Think about it: You can go to any developed country in the world and buy the same cup of coffee at Starbucks for $4 or the same BigMac from McDonald’s for $5, but you cannot use the same real estate agent twice in two years to buy or sell a $300,000 house and have the same experience! Why? Because real estate agents are independent contractors doing their job…well, independently.

While agents are often affiliated with brands like Coldwell Banker, Century 21 or Keller Williams, they are NOT employees of those brands, so those brands cannot dictate how their agents do their job and therefore control the consumer experience. In fact, most of these brands aren’t even in the real estate business; they are in the franchise business. The franchisor’s customer is the real estate broker (aka the franchisee) and the broker’s customer is the real estate agent, not the consumer. Yes, the broker has a fiduciary responsibility to the consumer, but the consumer experience, relationship and transaction are owned by the agent. So basically, real estate agents have total discretion over how your home is bought and/or sold, and no two agents do their job the same, and most agents don’t do their job the same way twice. The median annual salary of a real estate agent is $45,990, so agents have little in the way of capital, technology or other resources required to make the purchase and sale of your home predictable, convenient, transparent or cost effective. Confused? You aren’t alone! This arcane, inefficient structure is the way residential real estate has been done for the past 50-plus years, but all of that has started to change in a big way.

We are in the early innings of what I call the “institutionalization of home buying and selling.” Unlike the last wave of real estate innovation pioneered by the likes of Zillow and Trulia (in full transparency, I was a founding team member of Trulia), this wave of transformation is not being powered by companies that have real estate agents as paying customers. Instead, this wave of transformation is being powered by technology companies cutting out middlemen to work directly with consumers in order to dramatically simplify and streamline some or all of the process of home buying and selling. Whether you are trading-in your old house for a new one with us at Knock.com or selling your house off-market to modern-day home flippers known as iBuyers, in five to 10 years consumers will likely be buying and selling homes to and from companies, not through agents. In just the last three to four years, the first wave of these disruptive companies have raised billions of dollars to build technology platforms that increasingly transform the complex and laborious functions of the home transaction performed by agents into a more seamless, certain and transparent experience.

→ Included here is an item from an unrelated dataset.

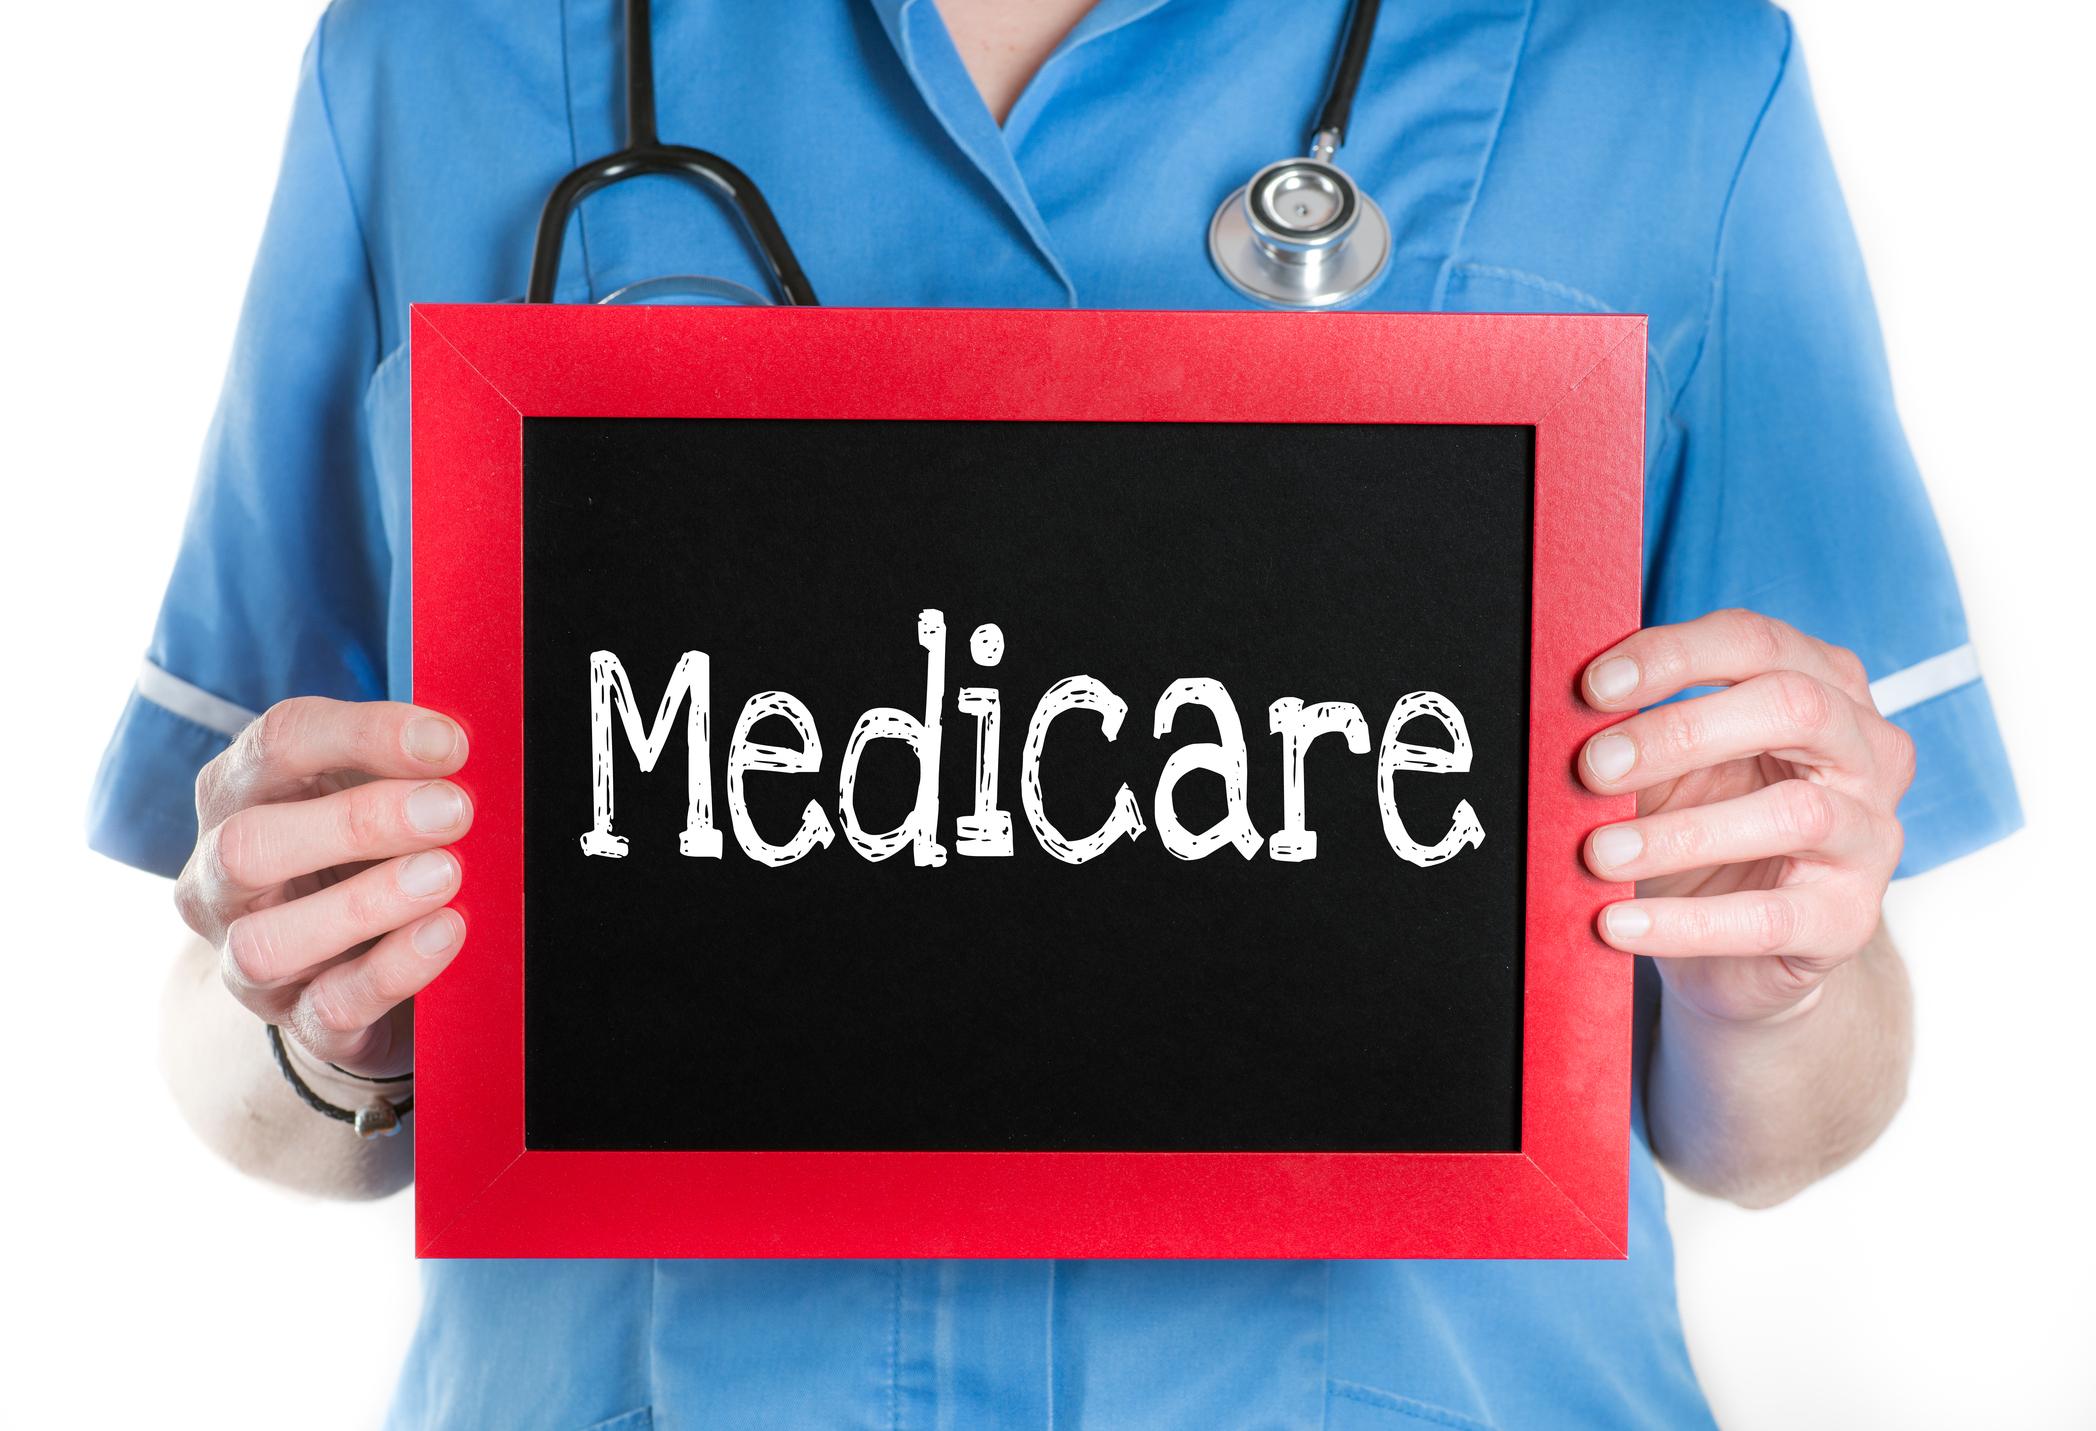 Let's talk about Medicare 101!

To understand how this wave of innovation and its impact on real estate agents is different from the last, let’s take a quick history lesson on how the first few waves haven’t changed much of how things are done.

Real Estate Web 1.0

The first wave of real estate “innovation” began in 1996 and involved little more than moving home listings online from the MLS and newspapers. That year, the National Association of Realtors (NAR) licensed Realtor.com to private company HomeStore to launch a public website displaying property listings. In 1997, Realtor.com became the exclusive online real estate listing source for several consumer media outlets like USA Today and AOL, making it the largest website for real estate listings. But, as the name Realtor.com implies, NAR’s primary customer is the real estate agent, not the homebuyer or seller. In a failed attempt to appease its real estate agent customers and keep them relevant to the home buying and selling experience, NAR restricted Homestore from displaying critical information on Realtor.com, including past and recently sold homes used to determine home prices.

Real Estate Web 2.0

By 2005, tech investors started to stir again and it became obvious to a few of us entrepreneurs that the exorbitant fees and information thiefdoms plaguing the home buying and selling experience were exactly what the internet was supposed to fix.

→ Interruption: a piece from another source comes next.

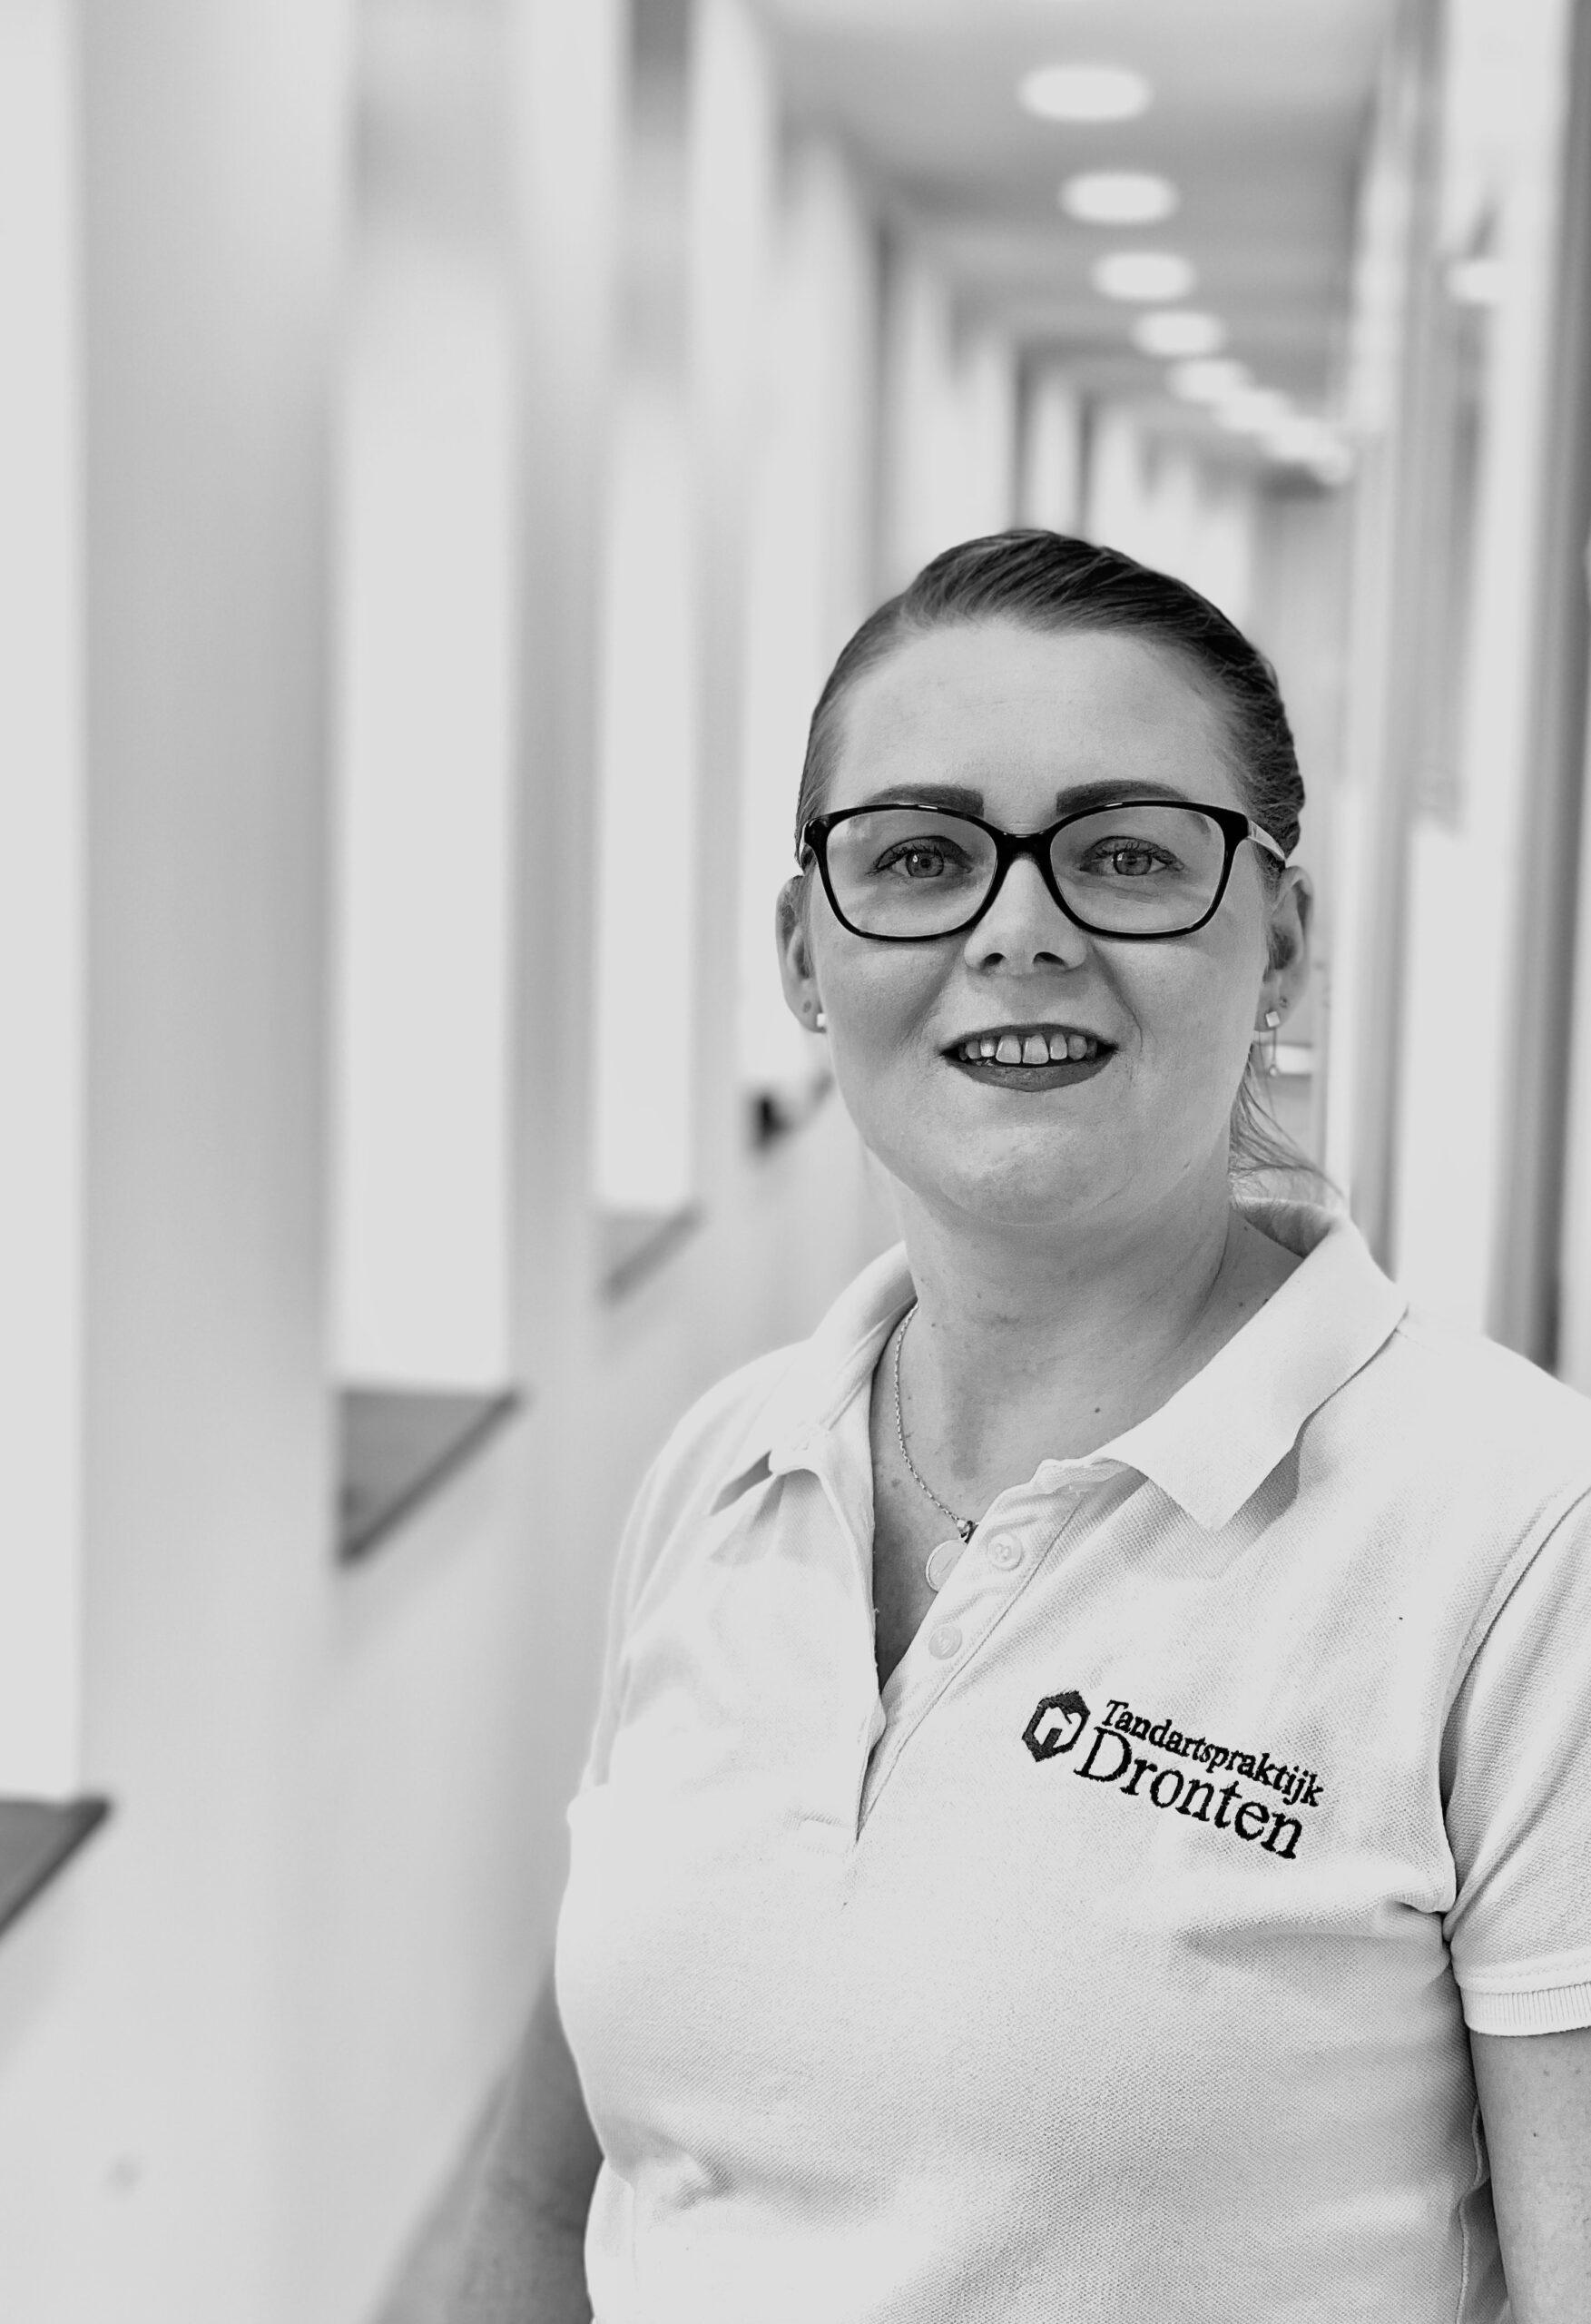 Sharon Veen tandartsassistent Dronten

Trulia launched in October 2005 as the first independent home search engine, basically “Google for Real Estate.” We went directly to brokers and agents to get their listings on Trulia.com to avoid the information restrictions NAR placed on Realtor.com. By doing so, we were able to democratize the information buyers need to make the biggest purchase of their lives, and traffic to Trulia.com soared. Not only did we show homes for sale and recently sold homes, but we also liberated tons of other information like crime statistics, school data and average commute times. We used maps to help people visualize local boundaries and heat maps to show price and search trends down to the neighborhood level.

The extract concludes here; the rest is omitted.